Integration and joint working between local authorities, ICBs and other relevant partners will remain crucial to the system more widely and the duties to cooperate are protected in this bill. However, there is value in being less prescriptive and allowing local partners to determine how they can best work together. Where it is helpful, we will share guidance to continue to support strong local relationships between partners.
Reforming ICB membership
As part of our commitment to strengthening ICBs’ ability to act as strategic commissioners, we are reforming ICB membership. We are proposing changes that will ensure the ICB is able to:
- meet their new commissioning responsibilities
- create stronger strategic alignment with mayoral strategic authorities
- reduce conflicts of interest
This bill proposes a requirement for the ICB constitution to provide for appointment of a member who has been nominated by each mayor of a mayoral strategic authority, covered in the ICB’s area. This will ensure close working between the ICB and strategic authority and recognises the increasingly significant role that strategic authorities will play in local areas. This member will replace the requirement to have at least one ordinary member jointly nominated by the local authorities covered in the ICB’s area. For areas which currently do not have strategic authorities, membership arrangements will be clarified in guidance.
Currently, ICBs are required to appoint at least one ordinary member nominated jointly by NHS trusts and NHS foundation trusts, and at least one ordinary member who provides primary medical services in the ICB’s area. We are proposing to remove these requirements, as it will be necessary for ICBs to:
- make strategic commissioning decisions in a forum that avoids conflicts of interest
- be trusted to make decisions about membership of their boards without legislative prescription
ICBs will continue to have requirements to ensure that they have at least one member with sufficient knowledge and experience of mental health services. In addition, ICB chairs will retain the discretion to appoint additional members if they deem it necessary.
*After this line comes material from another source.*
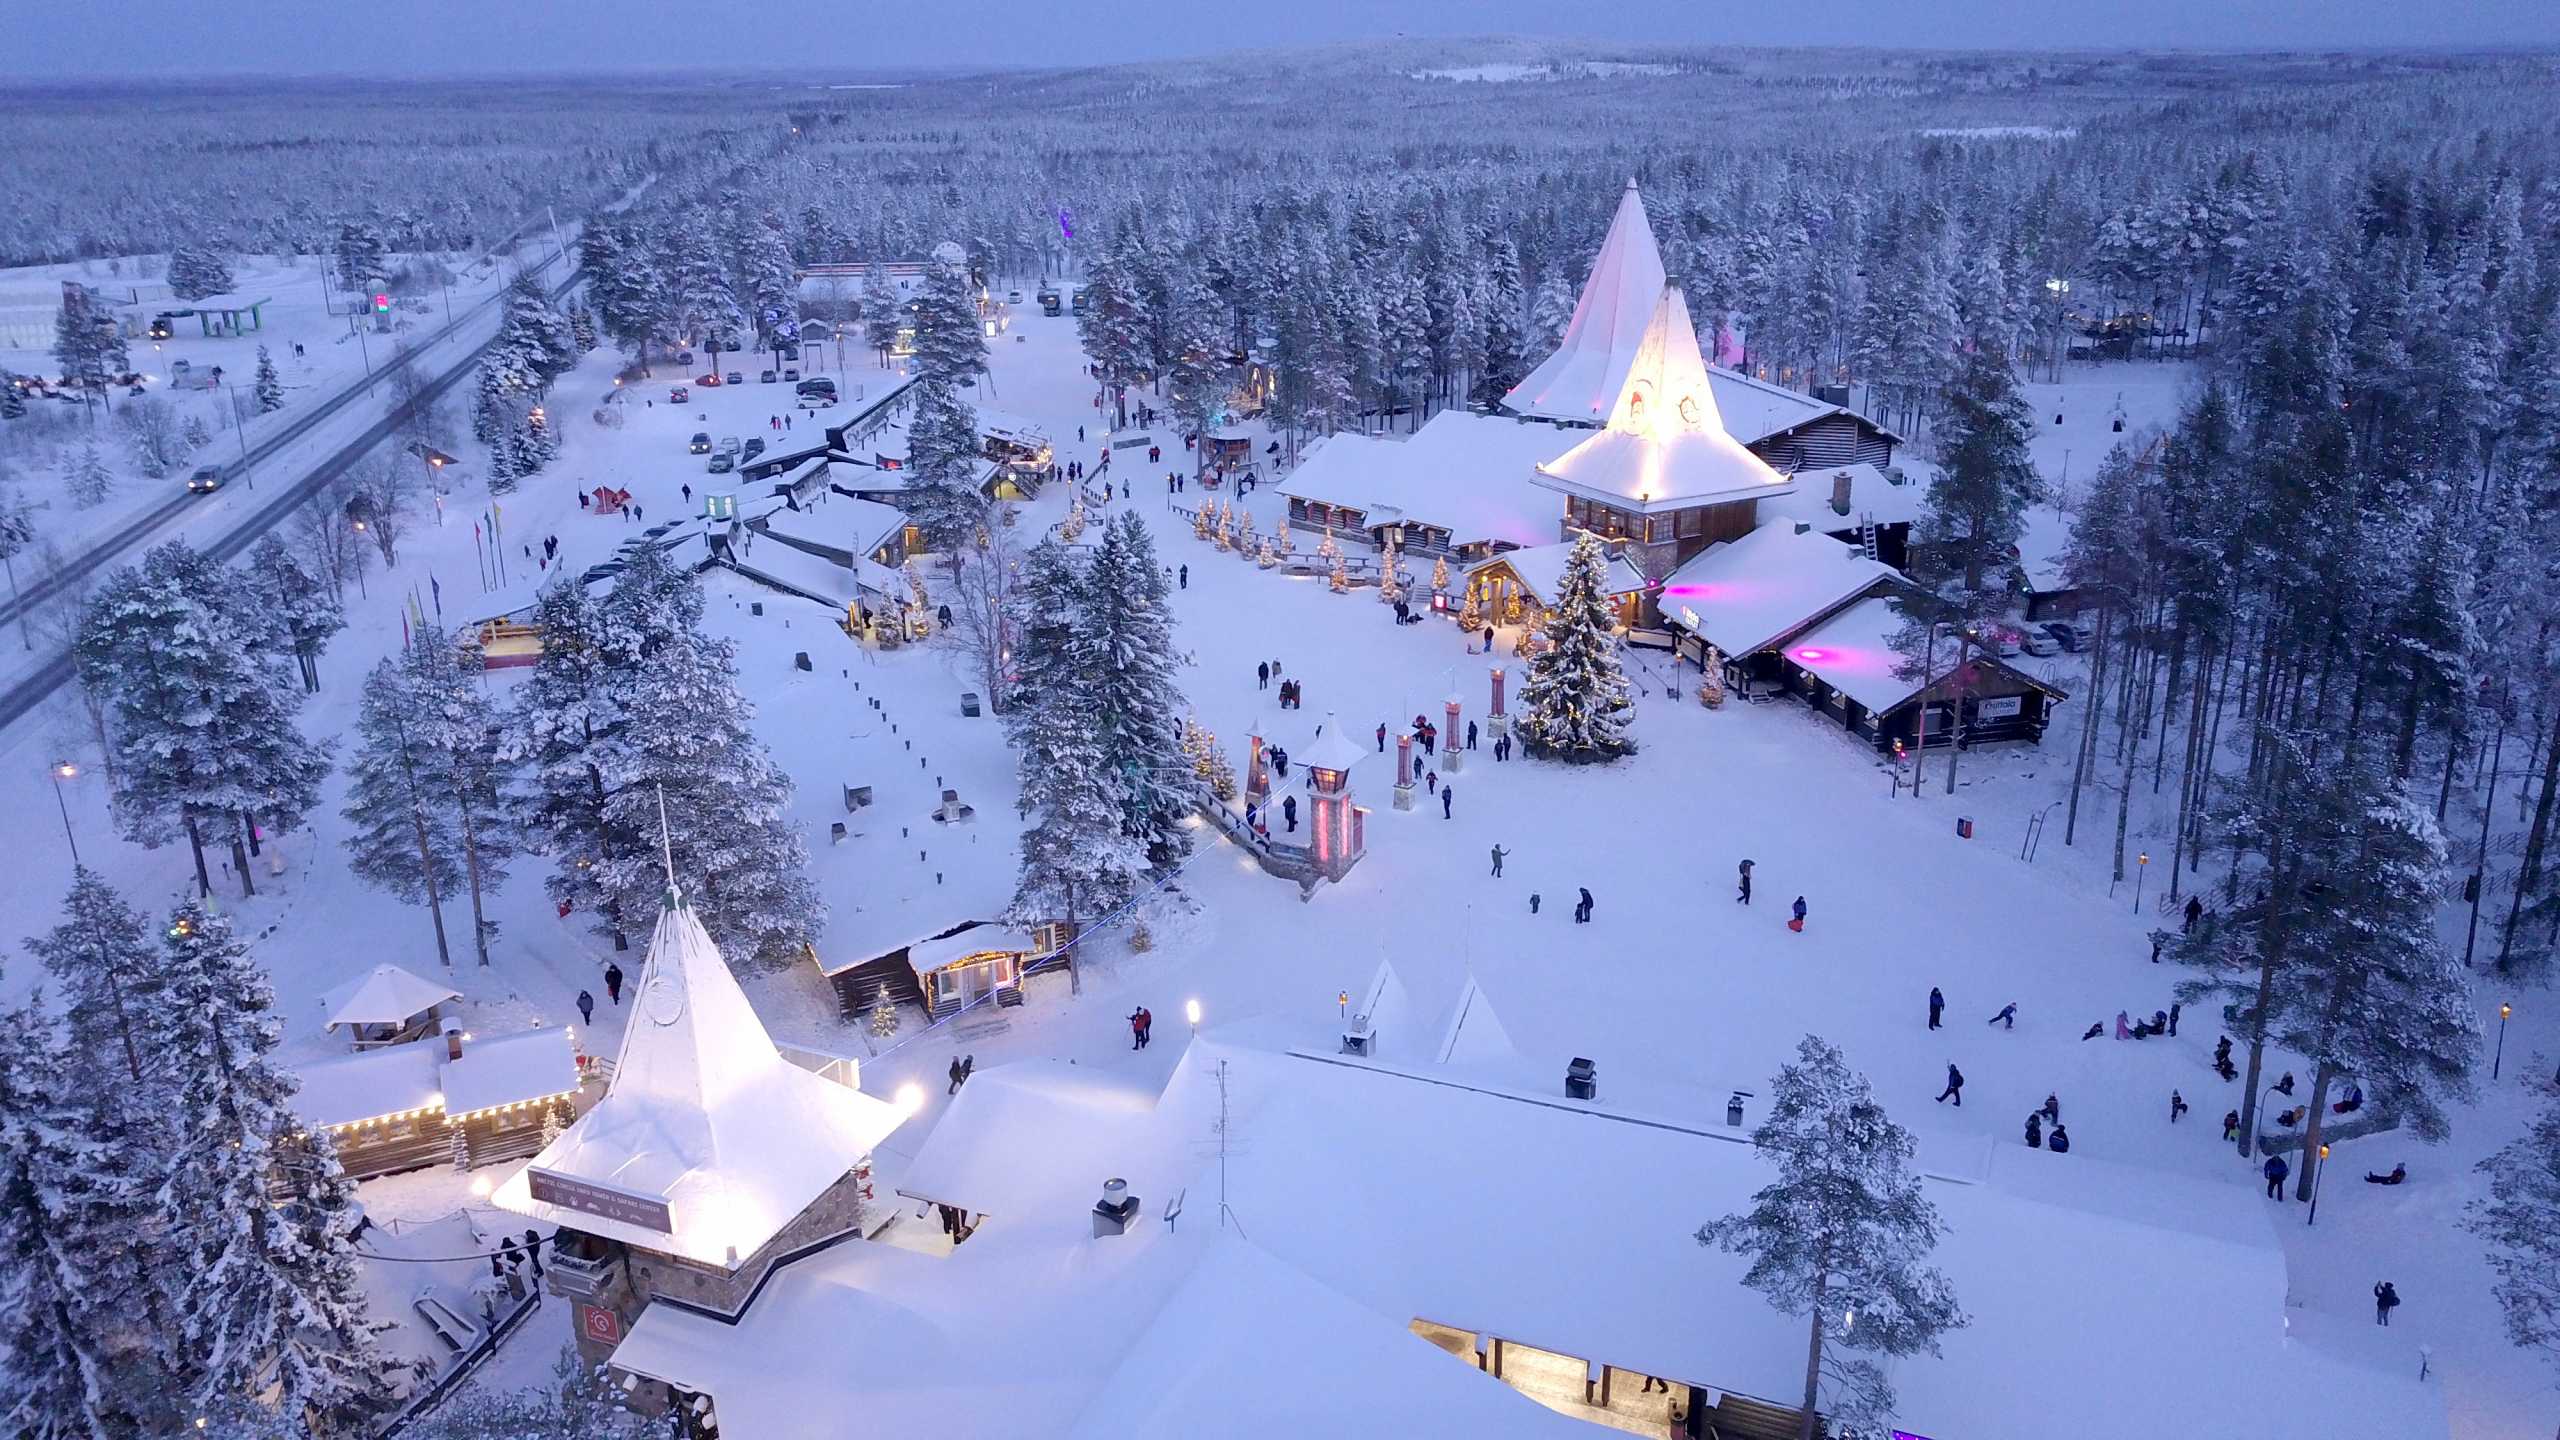 Φινλανδία: Το χωριό του Άγιου Βασίλη είναι ένα πλήρως εξοπλισμένο καταφύγιο σε περίπτωση πολέμου

The Secretary of State can also provide further guidance to ICBs on their membership, to ensure boards react to shifting priorities and challenges. Beyond the legislation, we will continue to support ICBs to work in close partnership with health and care organisations in their areas and to maintain close working relationships with local authorities and their ongoing planning responsibilities.
Financial accountability
We are supporting the NHS to move into financial surplus over time. By March 2030, most NHS organisations are expected to be living within their means.
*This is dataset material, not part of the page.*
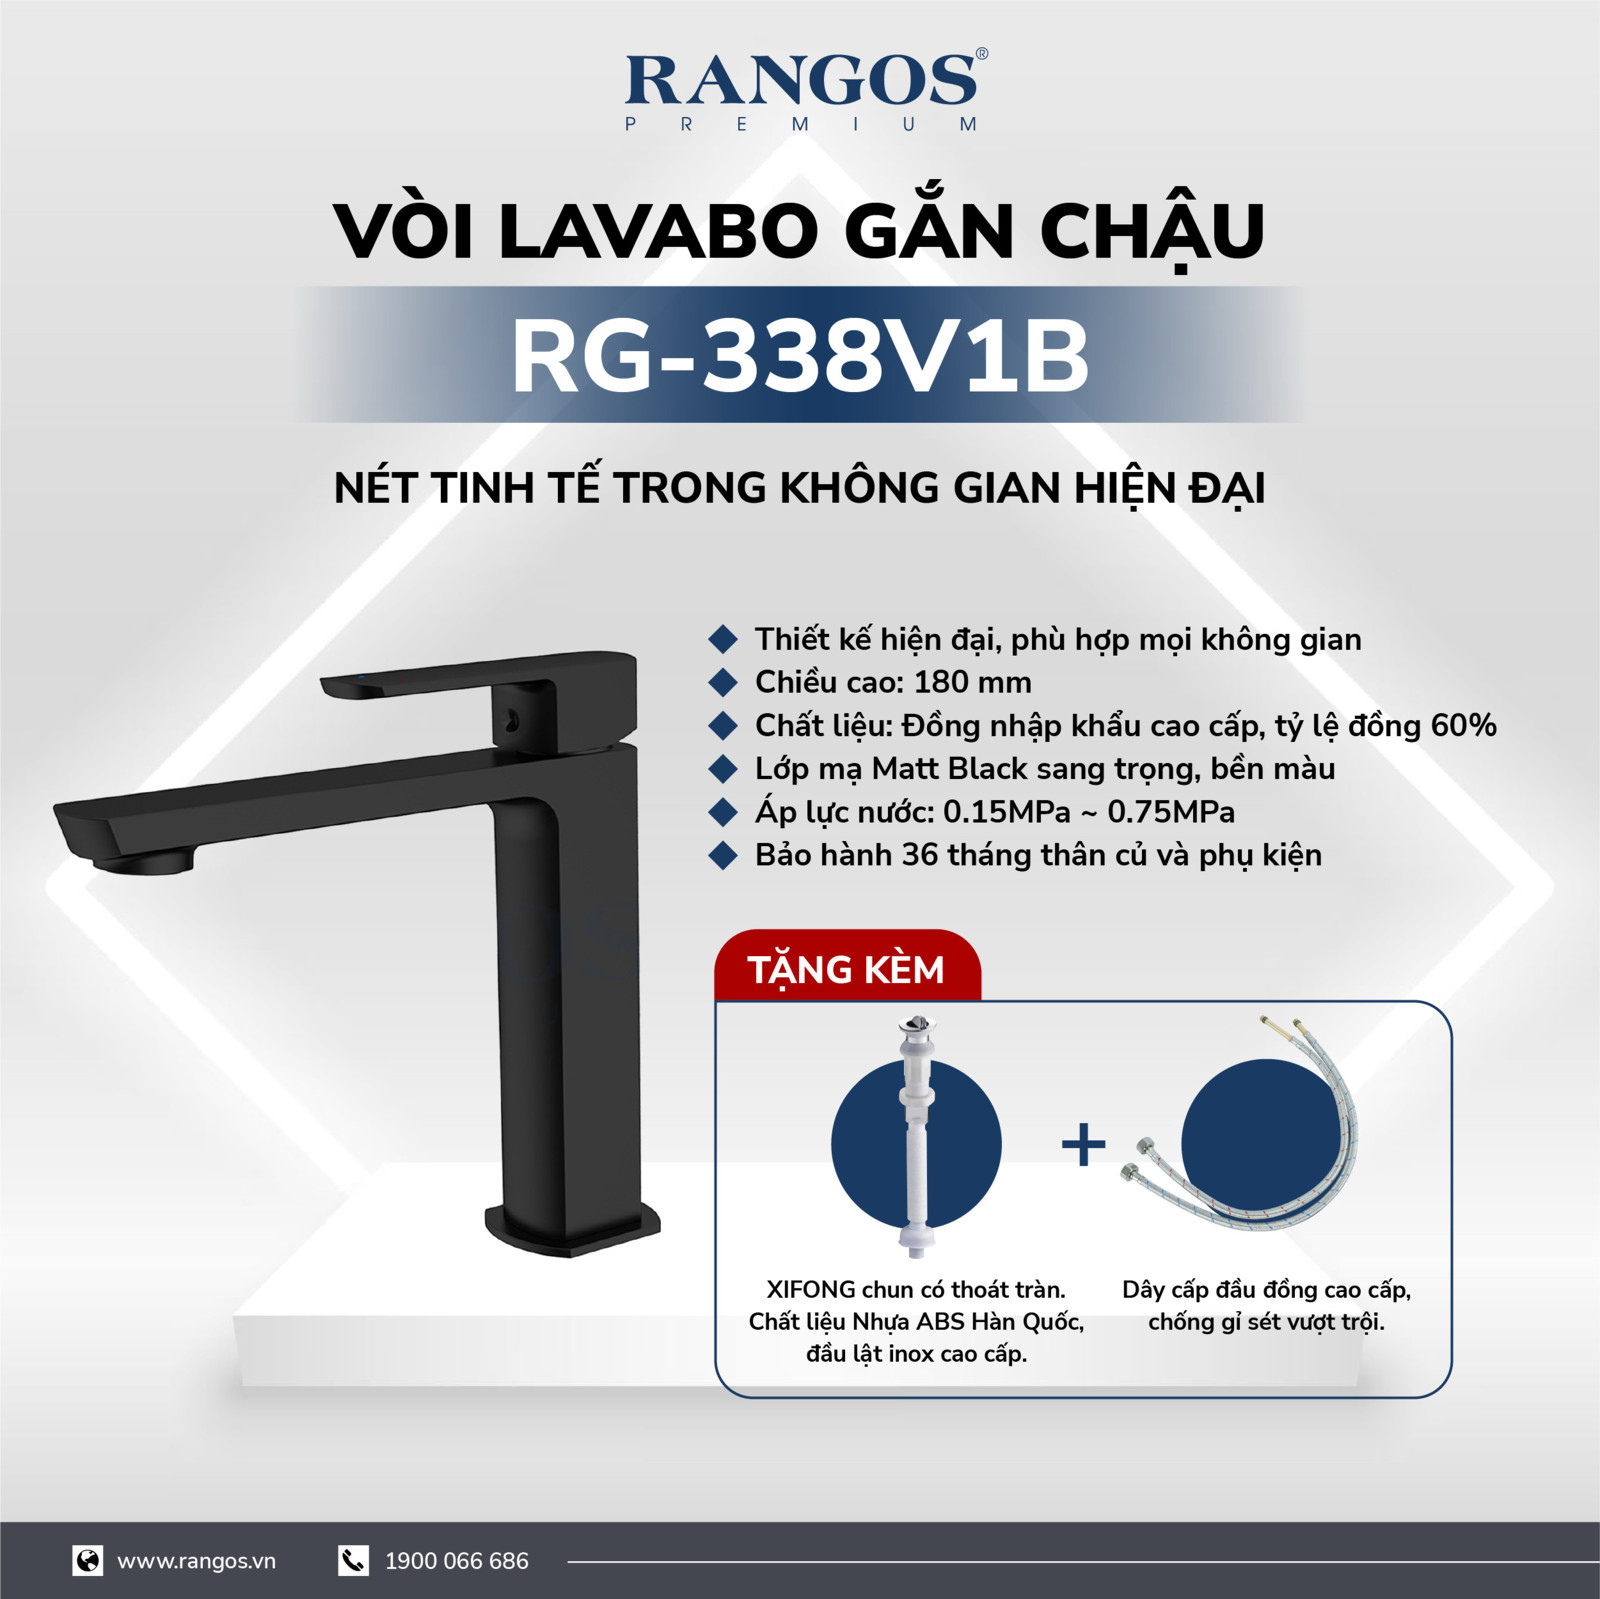 Bộ vòi lavabo gắn chậu Rangos RG-338V1B

To achieve this, the way NHS finances are managed needs to change. Currently, the focus is on the financial position of the whole local area which is made up of ICBs and the NHS trusts they work with. Legislation requires these systems collectively to remain within national spending limits, rather than holding each organisation independently to account. In other words, it is the system as a whole that must balance the books.
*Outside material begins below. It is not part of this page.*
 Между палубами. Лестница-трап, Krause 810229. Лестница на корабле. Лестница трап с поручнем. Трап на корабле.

However, this collective approach makes it harder to hold individual organisations accountable for their own financial performance. The 10 Year Health Plan shifts the emphasis towards the financial performance of each organisation, rather than relying primarily on the combined position of the local system. At the same time, as ICBs move towards a more strategic commissioning role, their focus will increasingly be on planning and organising local health services, rather than managing day-to-day financial pressures across their area.
To support these changes, the bill will remove mandatory duties for collective financial balance and instead strengthen accountability for each organisation’s own financial performance, alongside proportionate national oversight. The Secretary of State will retain the power to place joint financial objectives for ICBs and one or more of its partner NHS trusts and NHS foundation trust should this be needed.